The push for energy independence is in conflict with the concern over global warming. The United States has vast coal resources, but whether the raw coal is burned or whether it is liquified to make diesel fuel, the use of coal creates harmful emissions. A greater use of coal will create more greenhouse-gas pollution. Liquified coal fuels produce about twice the amount of greenhouse gases as ordinary diesel. Promoters of liquid coal fuels claim that technology could be developed to clean up this fuel, but so far there is no cost-effective way to do this.

The amount of coal subsidies being proposed would be greater than the current subsidies for other energy sources, including the ethanol boondoggle. Several past efforts by government to subsidize particular types of fuel have been a colossal waste of resources. An example is the project in the 1980s to create synthetic fuels.
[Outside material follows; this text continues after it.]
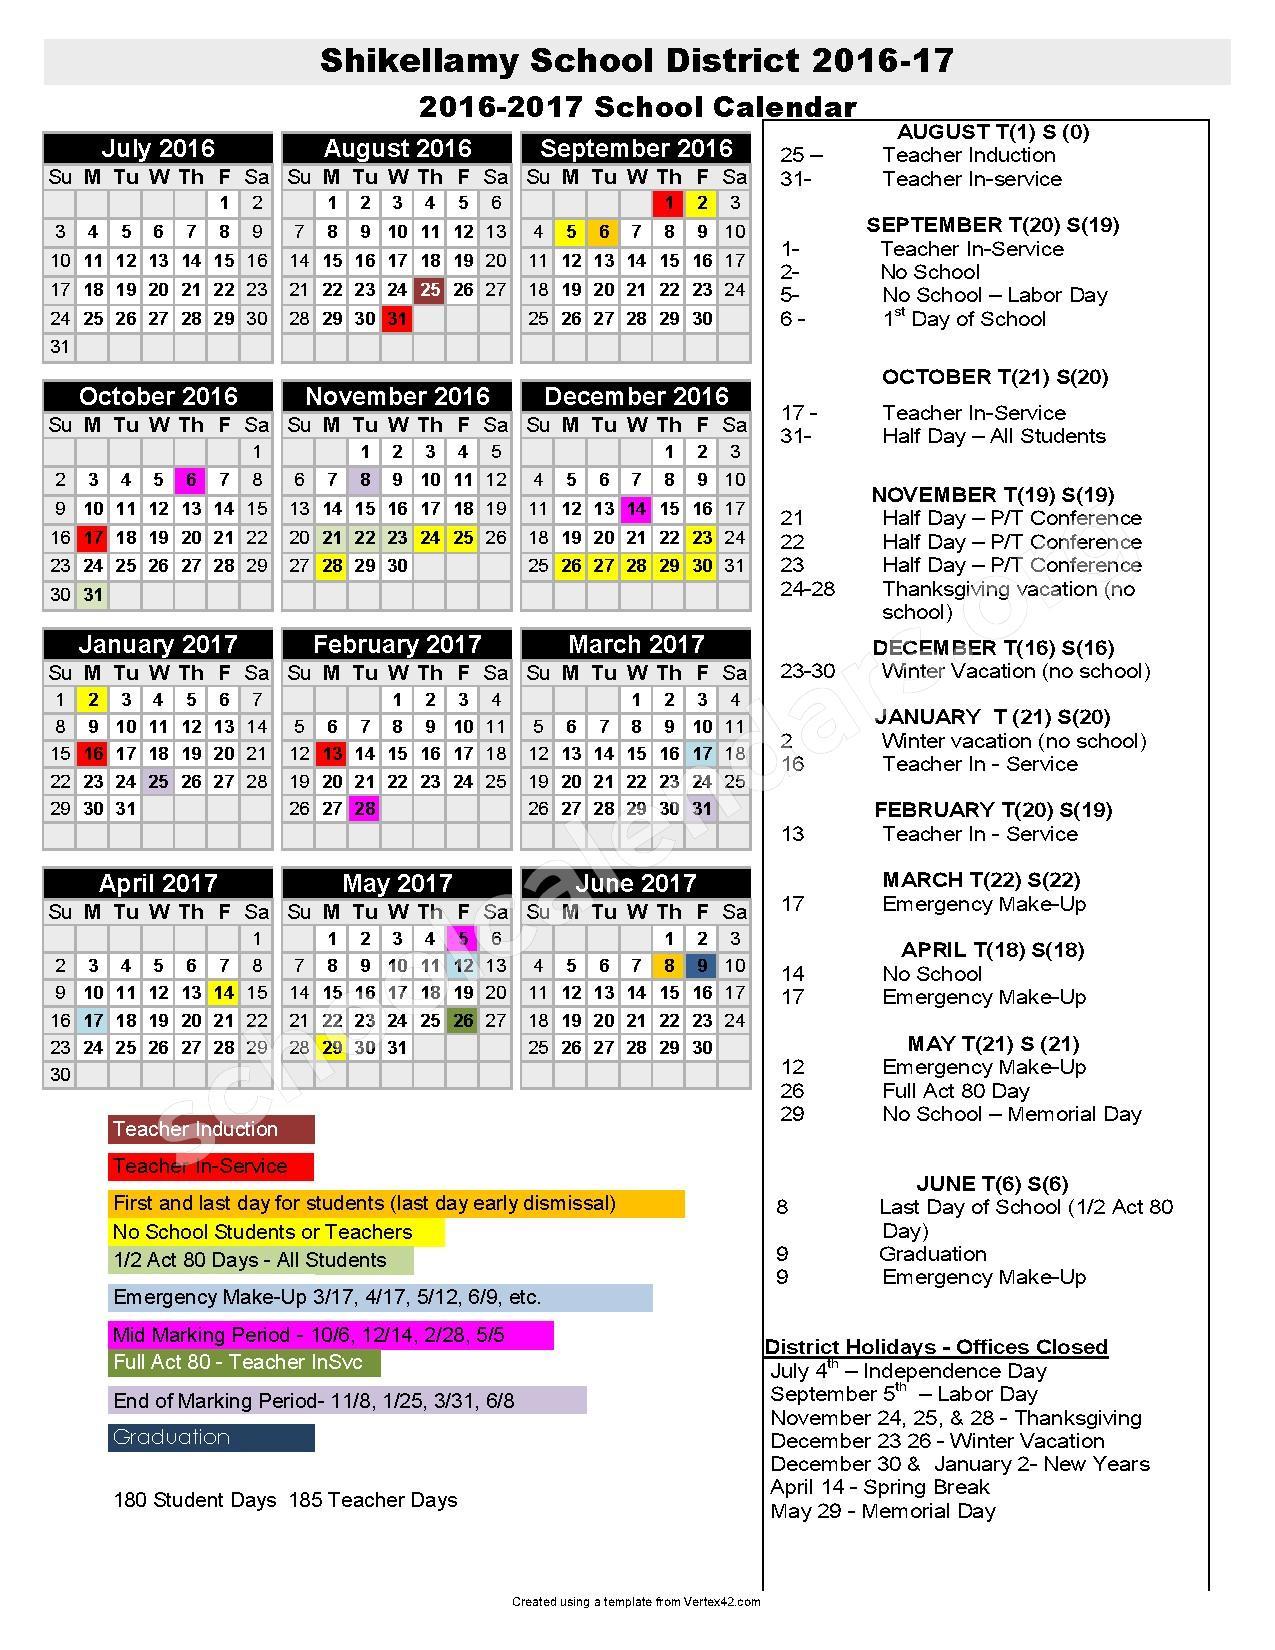 2016 - 2017 District Calendar   Shikellamy School District with Vertex Academic Calendar

A sound energy policy should do the opposite of this proposed coal subsidy. There should be no subsidy to any energy source, including oil, uranium, solar, wind, gas, or coal. The avoidance of subsidies would require all polluters to compensate society for the damages. If burning coal creates more pollution, the coal companies would pay greater pollution charges. The revenues from pollution levies should be a green tax shift that would simultaneously reduce taxes on wages, profits, and goods. A complete green tax shift would eliminate the waste of resources caused by taxes by also shifting public revenues to land rent or land values. A land-value levy promotes environmental protection with a more efficient use of resources, as the waste of resources creates unnecessary damage to the planet’s ecology.
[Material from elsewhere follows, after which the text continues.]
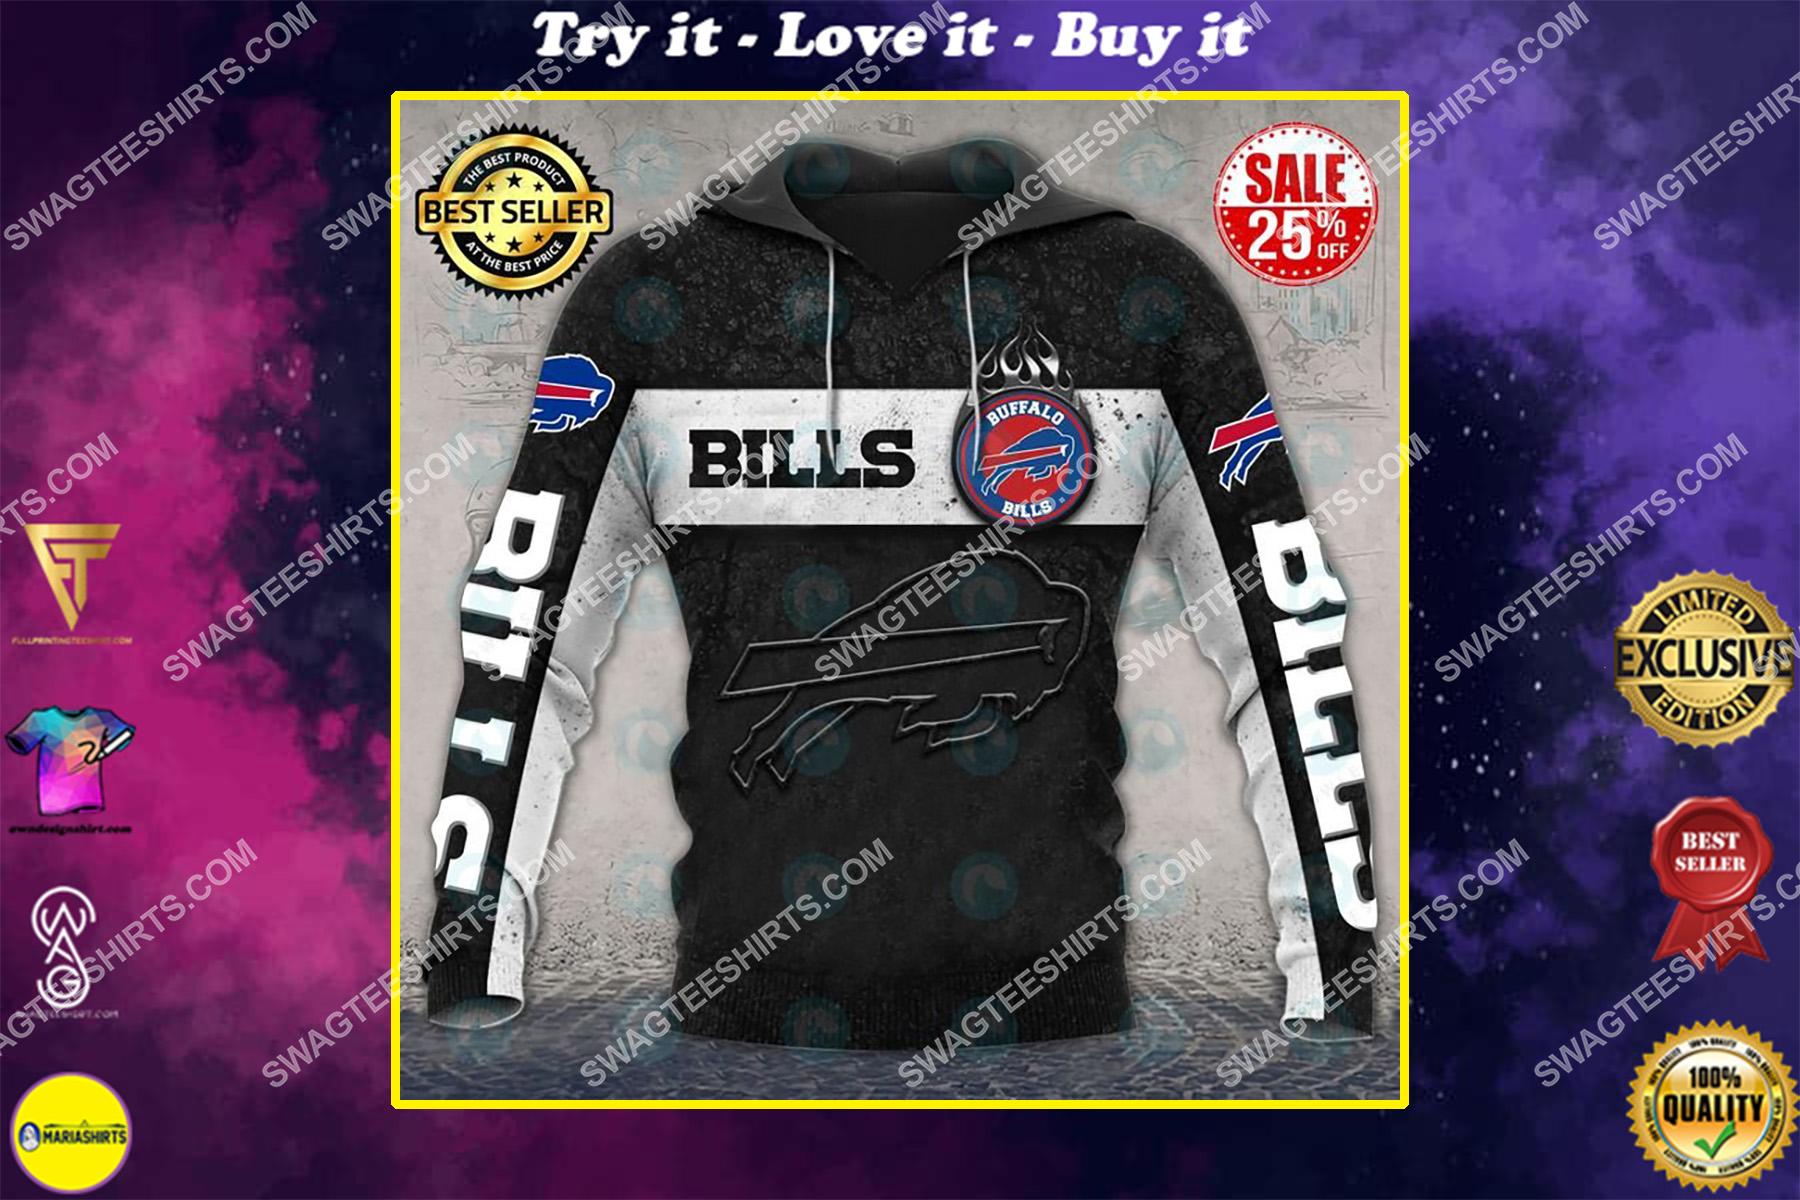 the buffalo bills football team all over printed shirt

With no subsidies or penalties for energy use, the free market would sort out the use of energy. A pollution charge would let each company and energy source respond to their own costs and benefits, as some would install equipment to reduce pollution, others would cut back production, while others would pay the levy. There is no way that government officials can know in advance what the right energy mix is to minimize pollution. The promotion of coal subsidies also shows how government chiefs also have little incentive to promote wise use of resources, but instead, cave in to the lure of campaign contributions.

Children who have behaved badly have traditionally gotten a lump of coal in their Christmas stocking instead of toys and candy. If this coal subsidy passes, Americans will have to take their lumps as a punishment for letting the coal lobby succeed in its rent seeking.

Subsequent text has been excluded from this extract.